14 Keynote5: cont.  Mid 70s to late 80s the second way “Mars”, a period between rules. The active and mistrust were constant in all areas of education and global situation. Standardisation came to education which draw accountability towards teachers.  The 90s until the first years of the 2000s mark the raise of the third way “Mercury”, where public and confidence issues were in a constant dilemma. Education become more policy and concepts like life long learning and data driven education become more real and applicable to students and teachers.  The future, the fourth way “Earth” is to have an active trust towards education, performance at be more active will be more inclusive and involved all classes of students. The test by cycle and sample are needed for education survival. Data collection is urgent to improve teaching, and all educators should know how to interpret data.  This discussion was interesting because it indicates how we going back to old models of education.

15 Workshop7: “Living tradition, a tipping point for the future”; Susan O’Donnell 28/09/2009  Culture and tradition are related all the time; but tradition reside into culture; both can be made from simple actions (people is the one who makes it).  The transfer of culture is done by relationships between people. Students adopt ‘living traditions’. A balance between both is needed.  Tradition is transfer between generations and each leave a legacy into it, these is what we need as educators understand an leave as-well, legacy into school traditions. The “creation of tradition is for giving us a present meaning”.  This session was really good because reinforces the idea of tradition and culture in a changing pattern which we could have a role to play, also gives us the change to leave a legacy into any school culture and tradition of achievement.

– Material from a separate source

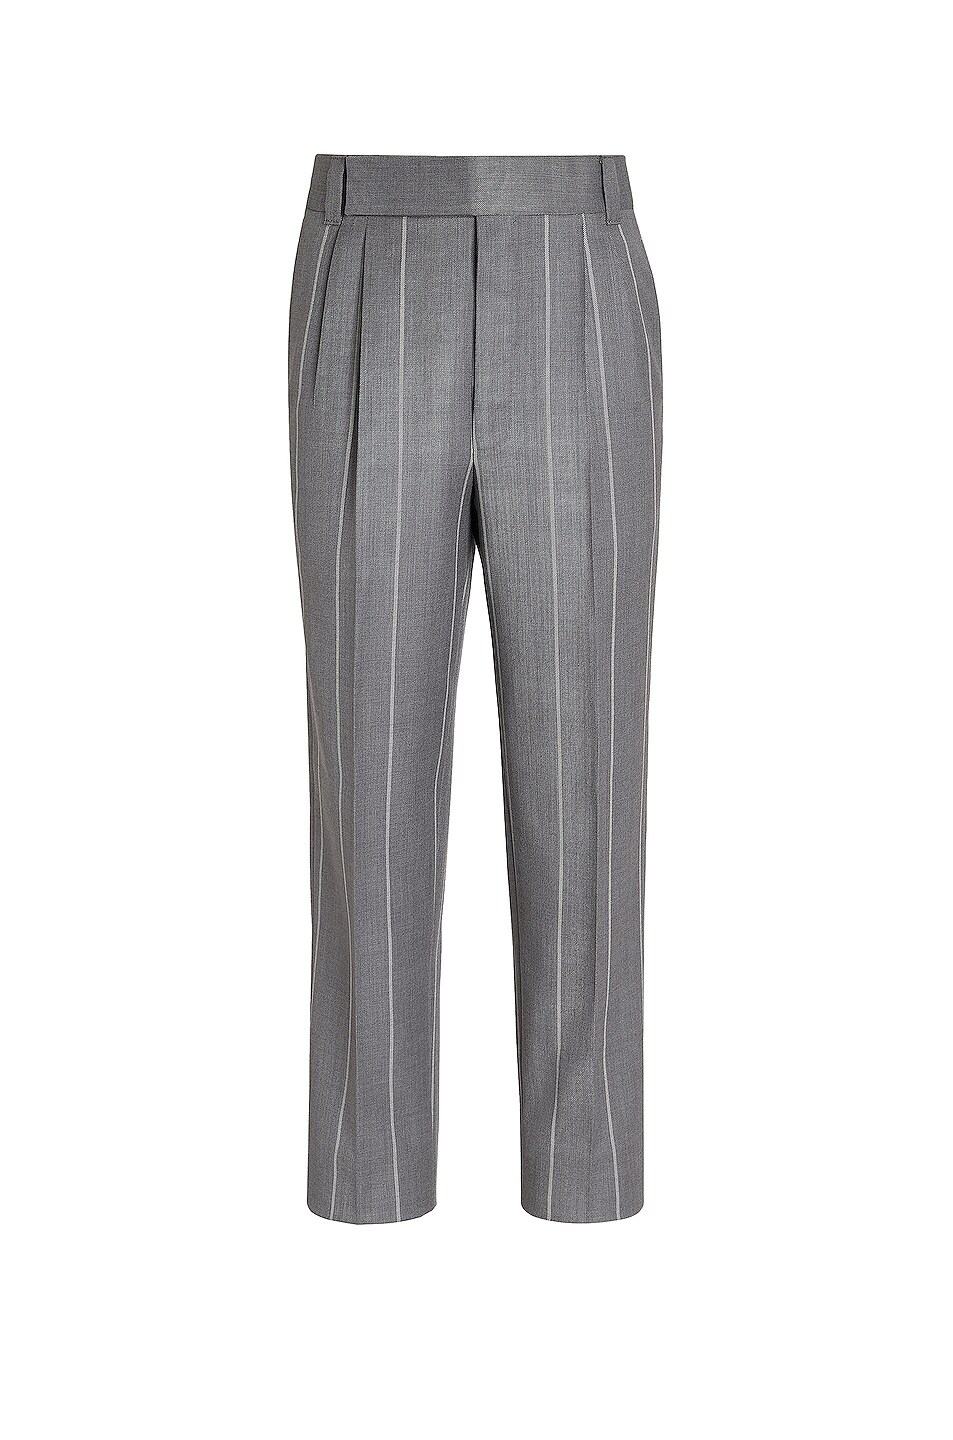 Image 1 of Fear of God Exclusively for Ermenegildo Zegna Double Pleat Trousers in Grey Melange White

16 Not relevant sessions or key notes.  Keynotes 2,3,4 and 6 were to political and didn’t give any new sense of educational leadership.  Workshop 6: virtual schooling from the DET NT session was really poor, because the only information I could get was that DET in putting a lot of external resources into distance education; but these tools will not be available to big populations areas until 2014. It seems a wasted of time when the majority of population resides in the Darwin area.